Fair point. However, this isn't because of assignment operators, but
because of comprehensions. There are two important constructs in
Python that have out-of-order evaluation:

x if cond else y # evaluates cond before x
[result for x in iterable if cond] # evaluates result last
target()[0] = value # evaluates target after value

... Amongst our weaponry ... err, I'll come in again.

Ahem. Most of Python is evaluated left-to-right, top-to-bottom, just
as anyone familiar with a Latin-derived language would expect. There
are exceptions, however, and those are generally on the basis that
"practicality beats purity". Those exceptions include assignment, the
if/else expression, and comprehensions/genexps. But even within those
constructs, evaluation is left-to-right as much as it possibly can be.
A list comprehension places the target expression first (exception to
the LTR rule), but evaluates all its 'for' and 'if' clauses in order.

We *already* have some strange cases as a result of this out-of-order
evaluation.
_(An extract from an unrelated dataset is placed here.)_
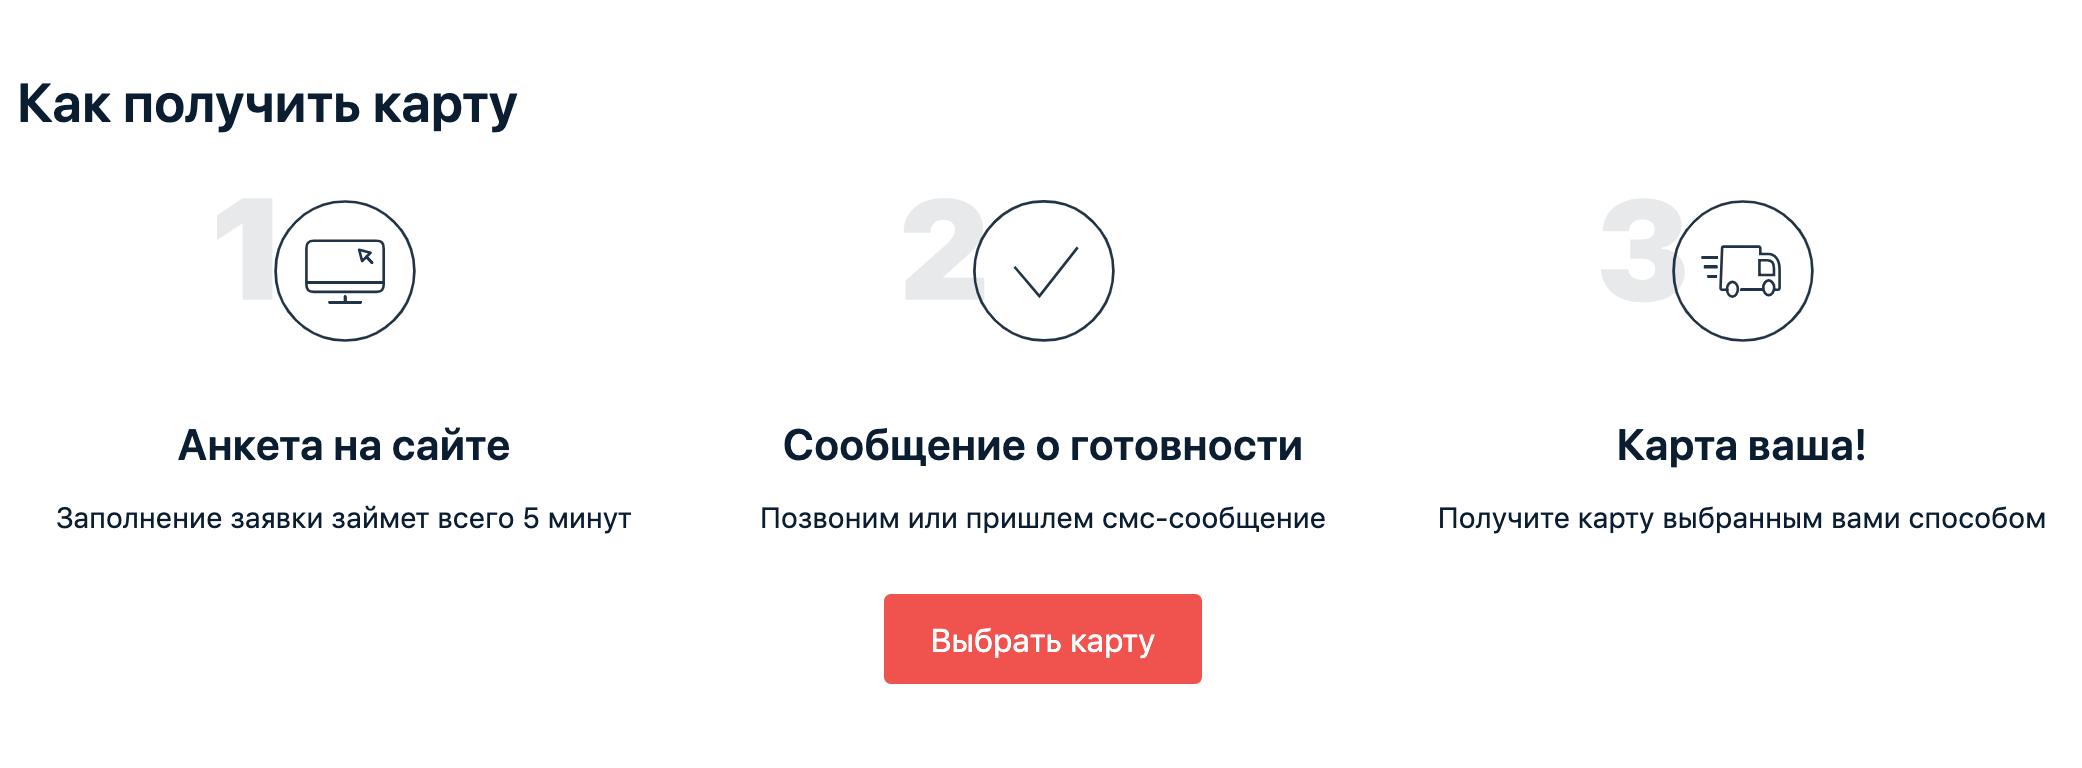 Скачать восточный банк онлайн

For instance:

reciprocals = [1/x for x in values if x]

The 'if x' on the right means we won't get a ZeroDivisionError from
the expression on the left. Were this loop to be unrolled, it would
look like this:

def listcomp():
    result = []
    for x in values:
        if x:
            result.append(1/x)
    return result
reciprocals = listcomp()

And you can easily audit the longhand form to confirm that, yes, "if
x" comes before "1/x". It's the same with assignment expressions; the
only exception to the "left before right" rule is the primary
expression being evaluated after all for/if clauses. Unrolling your
three examples gives (eliding the function wrappers for simplicity):

# assignment on the right of usage
for x in input_data:
    if (y := f(x)) > 0:
        results.append((x, y, x/y))

# assignment on the left of usage
for x in range(5):
    stuff.append([y := f(x), x/y])

# assignment on the right of usage
for x in range(5):
    stuff.append([x/y, y := f(x)])

Were list comprehensions *wrong* to put the expression first? I'm not
sure, but I can't see a better way to write them; at best, you'd end
up with something like:

[for x in numbers if x % 2: x * x]

which introduces its own sources of confusion (though I have to say,
it would look pretty clean in the "one for loop, no conditions" case).
But whether they're right or wrong, they're what we have, and side
effects are already legal, and assignment expressions are just another
form of side effect.

> I guess this isn't limited to comprehensions either – I rarely see
> complex expressions with side-effects embedded in the middle, so I'm
> actually a bit hazy about the exact order of operations inside Python
> expressions. I could probably figure it out if necessary, but even in
> simple cases like f(g(), h()), then do you really know for certain off
> the top of your head whether g() or h() runs first? Does the average
> user? With code like f(a := g(), h(a)) this suddenly matters a lot!
> But comprehensions suffer from a particularly extreme version of this,
> so it worries me that they're being put forward as the first set of
> motivating examples.

Honestly, I would fully expect that g() is run first, but I know there
are more complicated cases. For instance, here are three ways to print
"1" followed by "2", and create a dictionary mapping None to None:

>>> x={}
>>> x[print(2)] = print(1)
1
2
>>> x={print(1): print(2)}
1
2
>>> x={print(2): print(1) for _ in [1]}
1
2

Hmmmmmmmmm. One of these is not like the others...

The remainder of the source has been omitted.